AAVE launches LENS protocol, deployed to Polygon Mumbai

AAVE’s team (AAVE/USD) has created Lens, a decentralized social graph protocol that empowers creators to own the links in the social graph that connects them with their community, Mirror reported. Lens allows users to publish and collect posts, create and follow profiles, and more.

It is EVM compatible and under development, but a version has been deployed to the Polygon Mumbai testnet (MATIC/USD).

Through a mix of storage on the Lens Hub contract and callbacks that provide custom logic via modules or mint NFTs, the Lens Hub keeps track of interactions.


Profiles can be created with a handle, a profile image, and a Follow module and Follow NFT URI. When a user creates a profile, a Lens Hub NFT is minted to his account.


There are two main ways to follow a profile: Follow modules and follow NFTs. Follow modules are contracts establishing the rules for new followers. Types of following modules include:

  • Fee — all accounts can follow you, but they need to pay a fee amount
  • Permissioned — only accounts that you approved can follow you

After you follow a profile, you mint Follow NFTs to follower accounts. Following a profile comes with all NFT interoperability and functionality. Extras can include gated token content, airdrops, or holding a valuable piece of digital art.

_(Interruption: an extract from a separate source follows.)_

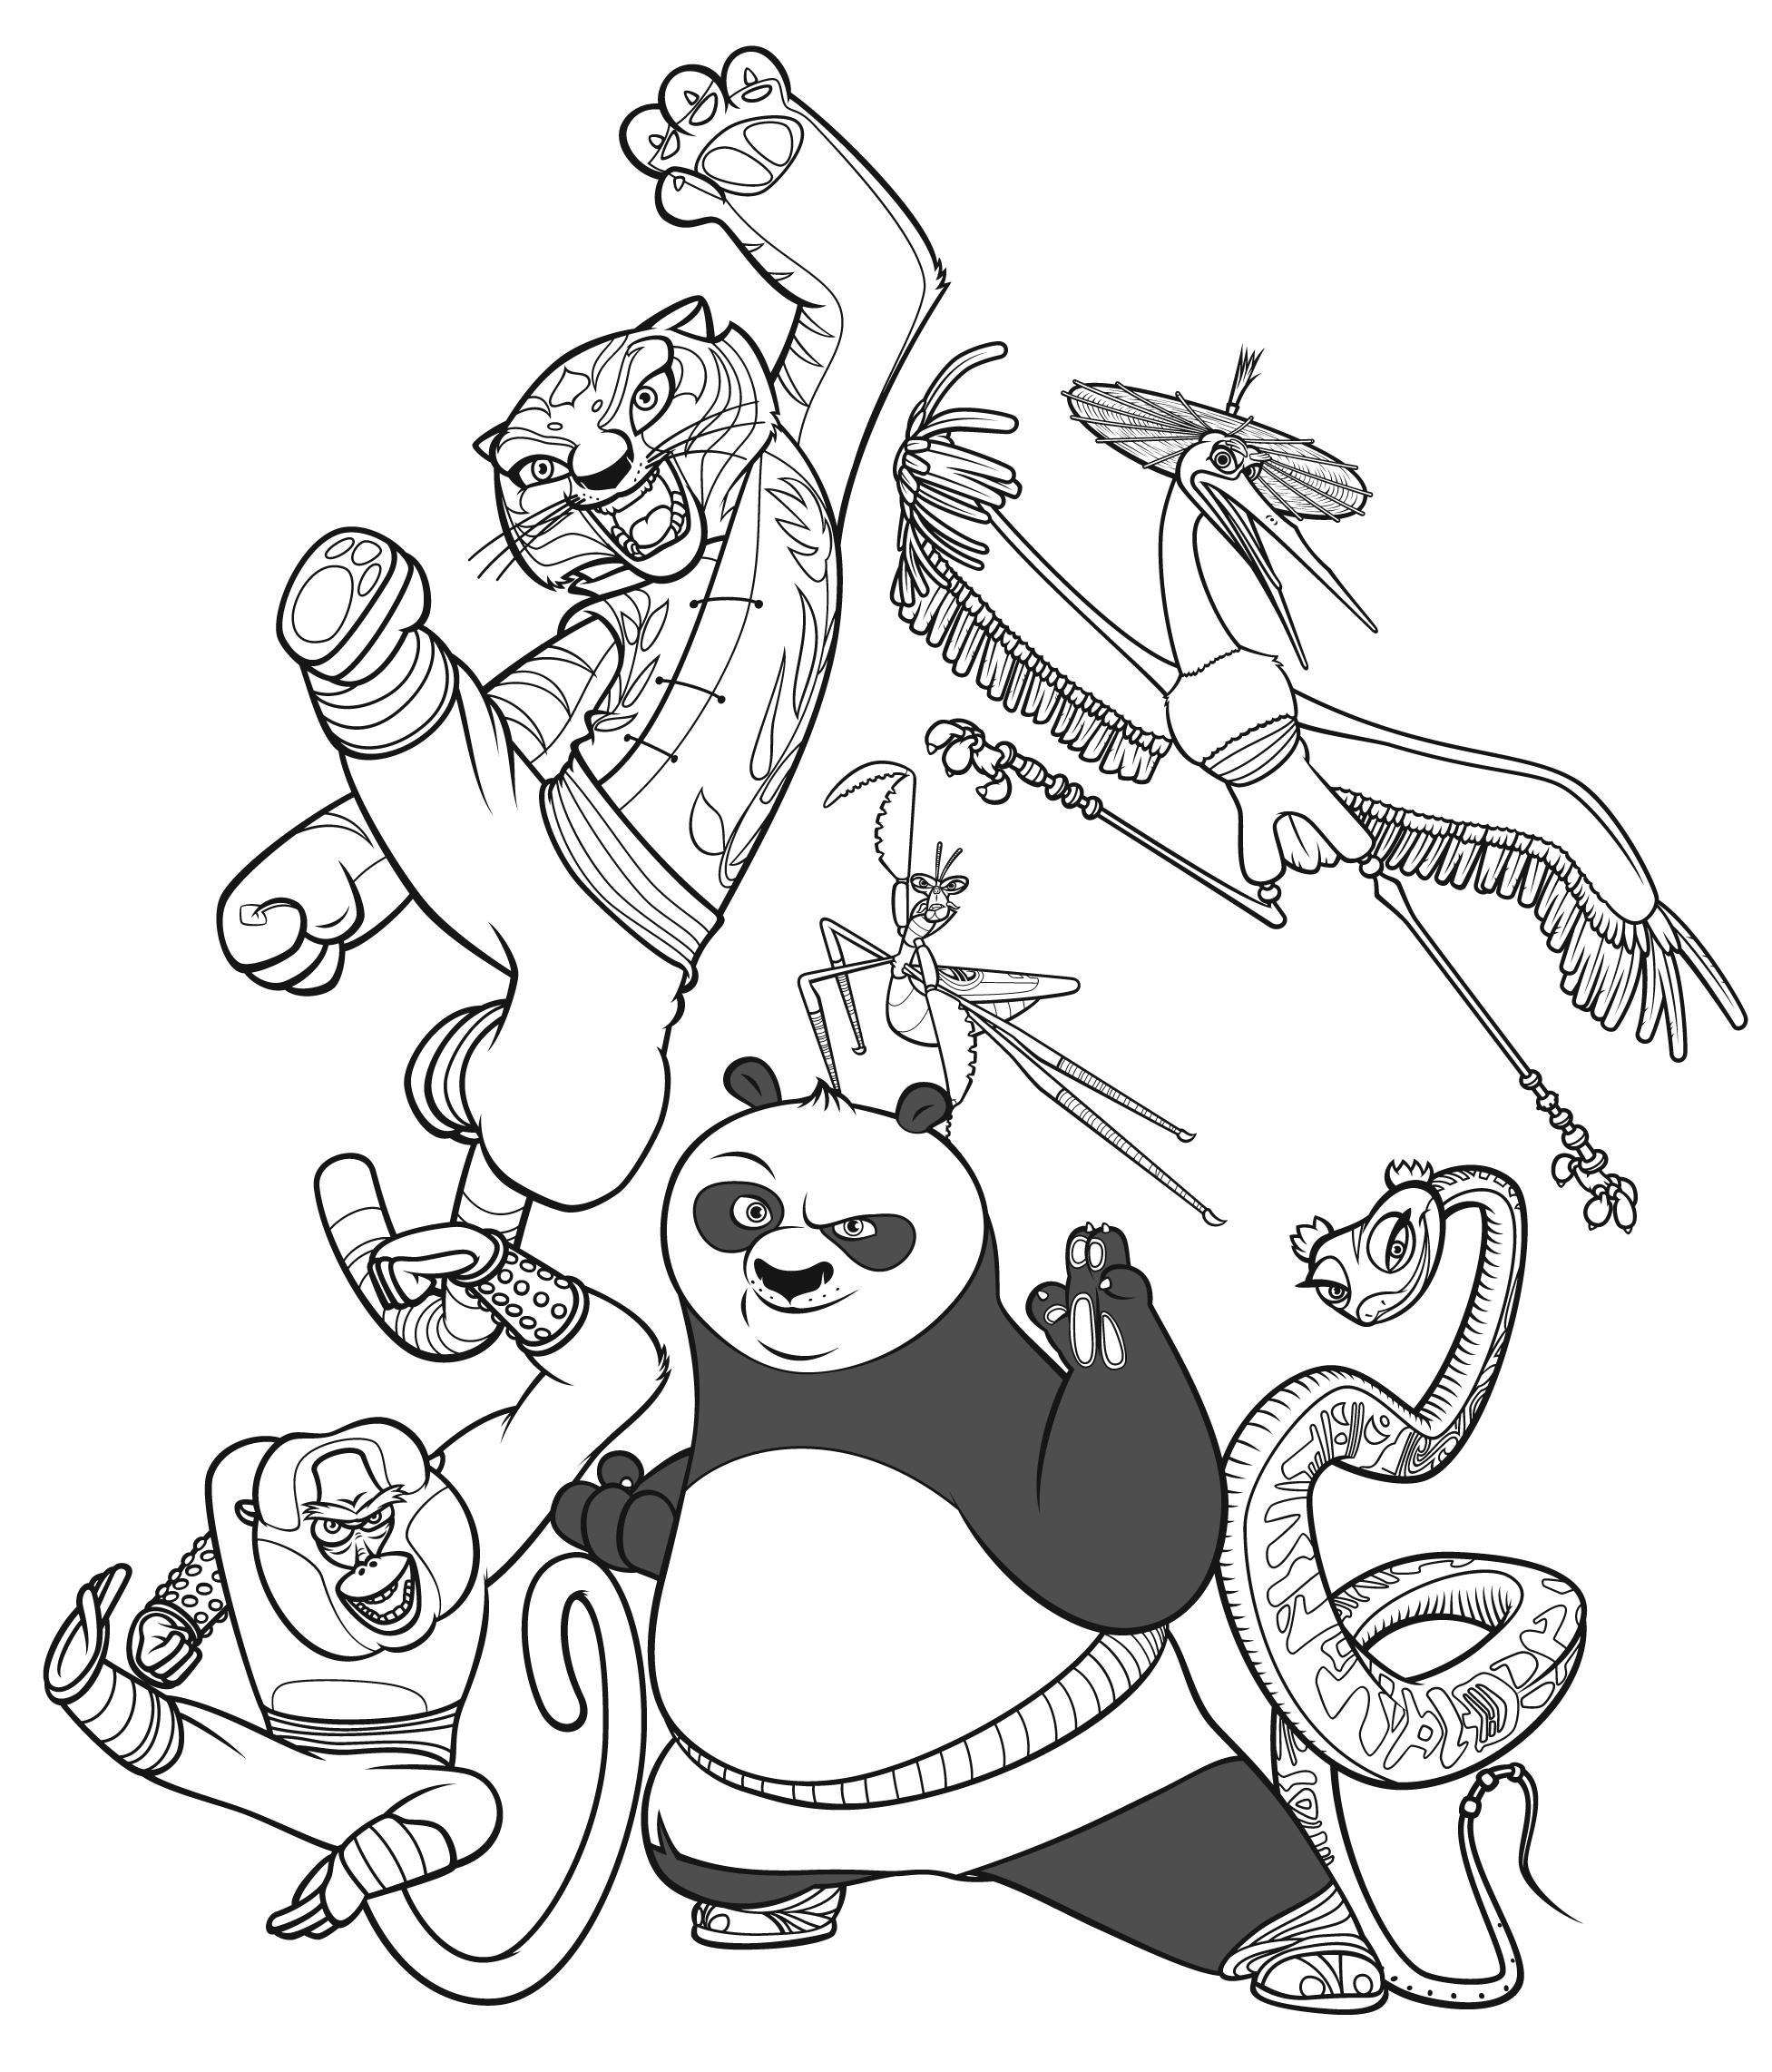 Free Printable Kung Fu Panda Coloring Pages For Kids

Lens Hub creates and stores posts by providing a reference and collect module as well as a content reference. A reference module is a contract specifying the rules for commenting and mirroring the publication. Collect modules set the rules for post collection. A content reference is a URL directing to content outside LENS.


When a post is “mirrored”, LENS stores the original post profile and publication ID as a new post. As the Mirror can indicate the original post, no content references are stored.


The meta transaction approach has emerged as a good design choice to allow publishing with signatures. LENS supports transactions using signatures for mirroring, posting, following, commenting, burning, and more.


For security reasons, profiles can specify a “dispatcher.” This is an account that serves a profile, It can share access or act as a form of delegation. Dispatchers can post, mirror, update profile information, and comment. They can only be updated by the profile owner.